No, the only thing wrong with Metro is some of the folks who ride Metro. Like David Cop-A-Feel, the pervy Hill staffer in his Zegna suit who thinks it’s cool to rub up against me when the train’s full. Or that citizen who, when the train car is busting at the seams, insists that his feet or his bags need their own seat.
By far, though, my major pet peeve is the Attack of the Cellular Phones. Technology and good manners are society’s latest oil and water. In some Pavlovian way, folks are so excited to get a call that they forget where they are. I was sitting next to this brothah when his phone rang. (Affecting urban voice) “Yo, yo dog, what up? No, man I’m going through a tunnel. Holler back, yo!” And of course, we passive aggressive riders try to hip him to our disgust by sighing him to death. (Hard sigh. Hard sigh.) Naturally, he doesn’t get the hint. He’s probably thinking even now that cell phones make people hyperventilate.
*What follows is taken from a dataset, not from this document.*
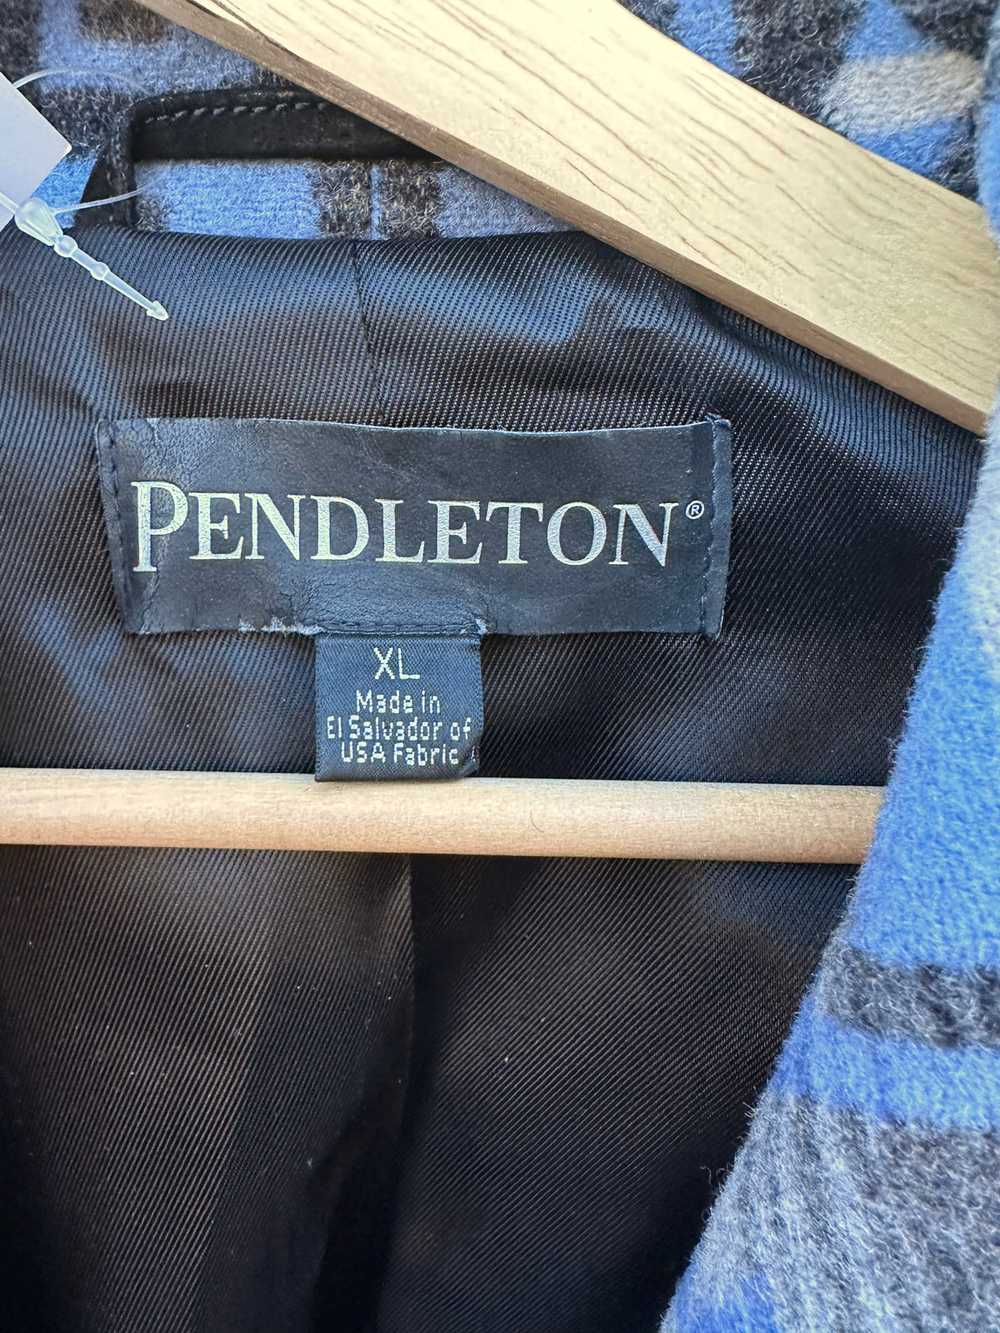 Pendleton Belted Coat - XL - image 6

If it’s not the earsplitting conversation, it’s the cell phone ringers on stun. Where are people downloading their ringers from: the CIA Handbook? Some of those could be used as forms of torture. Heck, after two rings, I’m ready to spill where my grandmother keeps the Coakley family jewels.
I tend to look at Metro as a metaphor for life. We’re all trying to get somewhere – work, or the Smithsonian, or a Wizards game... to a promotion… education… escapism… influencing each other as we ride together to a better life. Quoting Rodney King, or the Reverend Rodney King Junior, as Tony Soprano recently called him, “Can’t we all just get along?” Or is Big Brother going to have to add “No cellular phones” to the “No Eating, No Drinking, and No Loud Radios”? Do we not know yet that with every right comes a corresponding list of responsibilities? Or is the new slogan for both Metro and for Life, “Hooray for me, and to hell with the world?” Just snacks for thought.
Just don't eat 'em on the Metro...
2 comments:
Hilarious! I just returned to work full time after having twins, had to adjust to joining the masses again myself. Prior to the twins I had the big corporate firm job, therefore driving to work in the luxury class car was a must. Now I'm slummin and riding the metro is the most affordable option. Except for all of the scenarios you already stated, the obnoxious crowd attending baseball games, the college kids who can't seem to control the volume on their voice box. And, just to point out that we are no longer behind NY on the pervert scene, my girlfriend got her very own up close and personal view of the homeless handjob on the blue line!!
O.M.G.!!!!! Maybe that's why the Blue Line's so growded -- the entertainment value of sex acts! Yeah, Metro is crazy these days! I thought Dan Tangherlini was in there to fix things (not that actors and musicians at the stations were going to help me on the overcrowded 4-car Blue Line train after work). But then he leaves to go work for Adrian Fenty. Go figgah!